The Cable

Capping Months of Debate, White House Appoints Top Hostage Recovery Official

The White House announced Friday that former diplomat James O’Brien has been tapped for the role.


When the White House announced the findings of its long-awaited review of U.S. hostage policy in June, a key recommendation was the appointment of a presidential envoy to coordinate all of the efforts being made across the entire government to secure their release. That envoy now has a name, with the White House announcing Friday that former diplomat James O’Brien has been tapped for the role.

O’Brien is currently vice chair at Albright Stonebridge Group, a strategy and consulting firm. He held several roles at the State Department from 1989 to 2001, including serving as a senior adviser to then-Secretary of State Madeleine Albright and as a top official in the Office of Policy Planning, a kind of in-house think tank for Foggy Bottom. O’Brien also worked on the 1995 Dayton Accords, which ended the Bosnian War.

In a statement, Secretary of State John Kerry called O’Brien “exactly the right person for a job that demands a high level of diplomatic experience and the ability to analyze and find effective remedies to complex problems.”

O’Brien’s appointment is a part of the culmination of a painful piece of bureaucratic reckoning after the White House came under intense criticism for its inability to win the release of four Americans held by the Islamic State as well as one held inside Pakistan by al Qaeda.  

While the United States has refused to pay ransoms to militant groups holding Americans hostage, its European allies have repeatedly paid millions of dollars to bring their citizens home.

And as Europeans have walked free, Americans captured by militant groups have paid the ultimate price for their government’s hostage policy. The journalists James Foley, Steven Sotloff, and Abdul-Rahman Kassig were all executed by the Islamic State. The aid workers Kayla Mueller and Warren Weinstein were killed in airstrikes while in captivity. The Mueller family has recently said that government officials told them their daughter had been repeatedly raped while held by ISIS.

The families of these hostages have leveled withering criticism at the White House for its unwillingness to provide timely information on the plight of their relatives, and several have said they were told they’d be prosecuted if they tried to pay ransom money to the groups holding their loved ones.
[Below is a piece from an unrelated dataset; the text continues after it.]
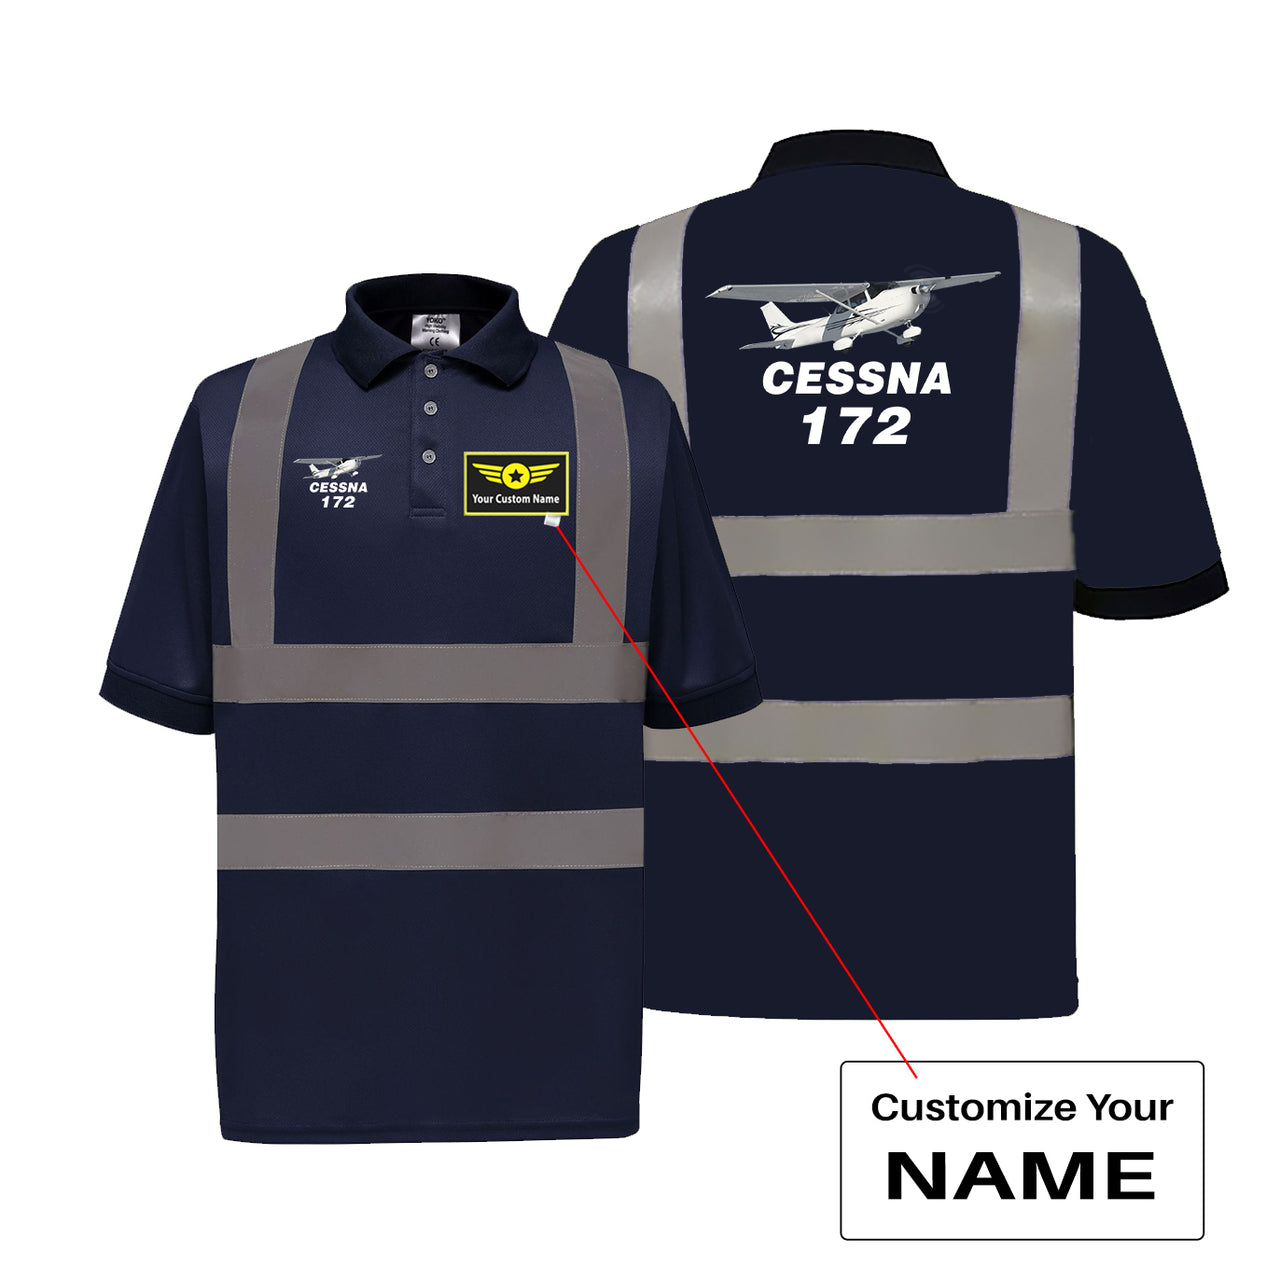 The Cessna 172 Designed Reflective Polo T-Shirts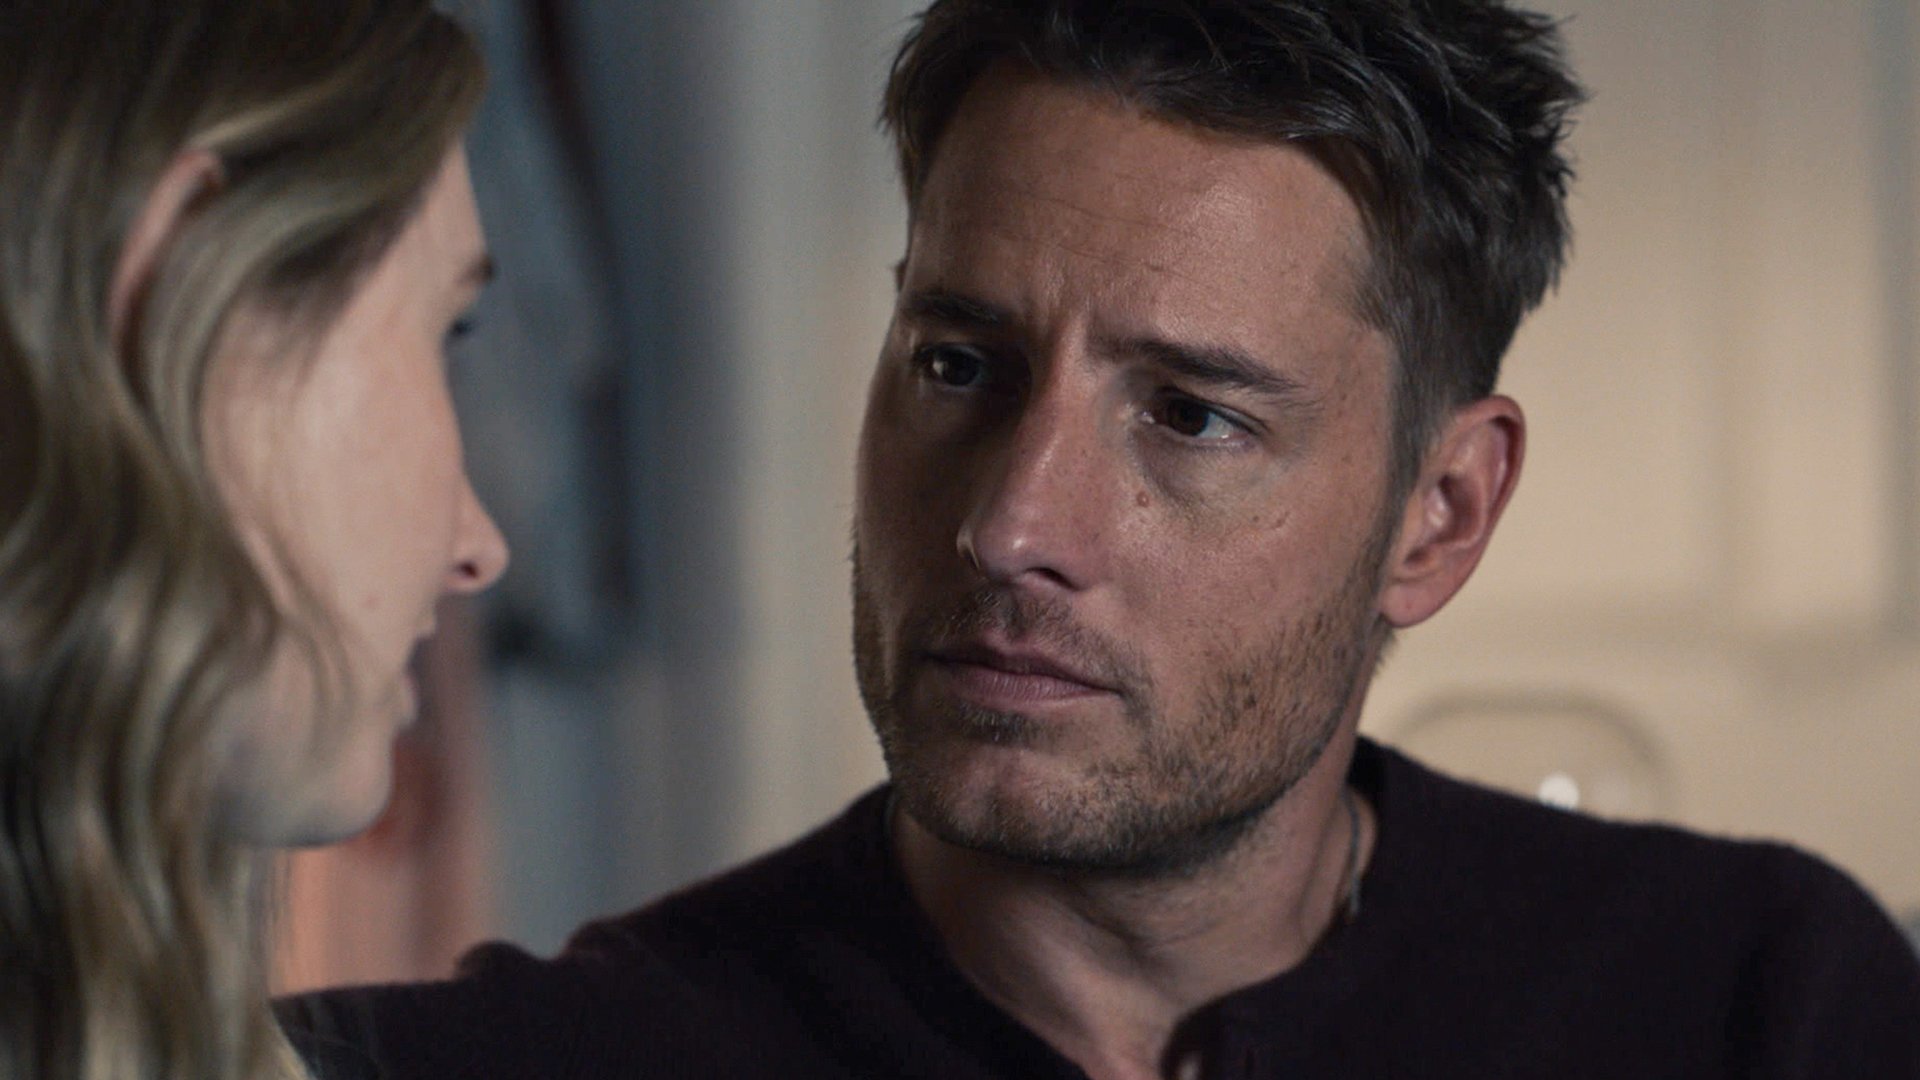 Caitlin Thompson as Madison talking to Justin Hartley as Kevin in ‘This Is Us’ Season 5 Episode 12

The families have described the efforts to recover their relatives as halting and poorly coordinated.

The hostage review released in June came in part as a response to that criticism. In announcing its findings, the White House said that families should not fear prosecutions for paying ransoms and announced the creation of a “fusion center” chaired by an FBI agent to coordinate hostage recovery efforts.

But Obama declined to appoint a so-called “hostage czar,” a senior official at the National Security Council to oversee the interagency process geared toward securing hostages’ release. The family members of some hostages and some members of Congress had called for such a position to be created in order to assign responsibility for the overall effort to a single senior official with the authority to adjudicate among the many agencies involved in hostage recovery.

Instead, the policy review recommended the creation of a “Hostage Response Group,” an interagency policy group to be chaired by the National Security Council’s senior director for counterterrorism.

So the appointment of O’Brien is another falling into place of the bureaucratic puzzle pieces of this entity aimed at bringing greater coherence to bear on hostage recovery efforts. “He will be in close contact with the families of American hostages, meet with foreign leaders in support of our hostage recovery efforts, advise on options to enhance those efforts, participate in strategy meetings with other senior U.S. policymakers, and represent the United States internationally on hostage-related issues,” Kerry said in his statement.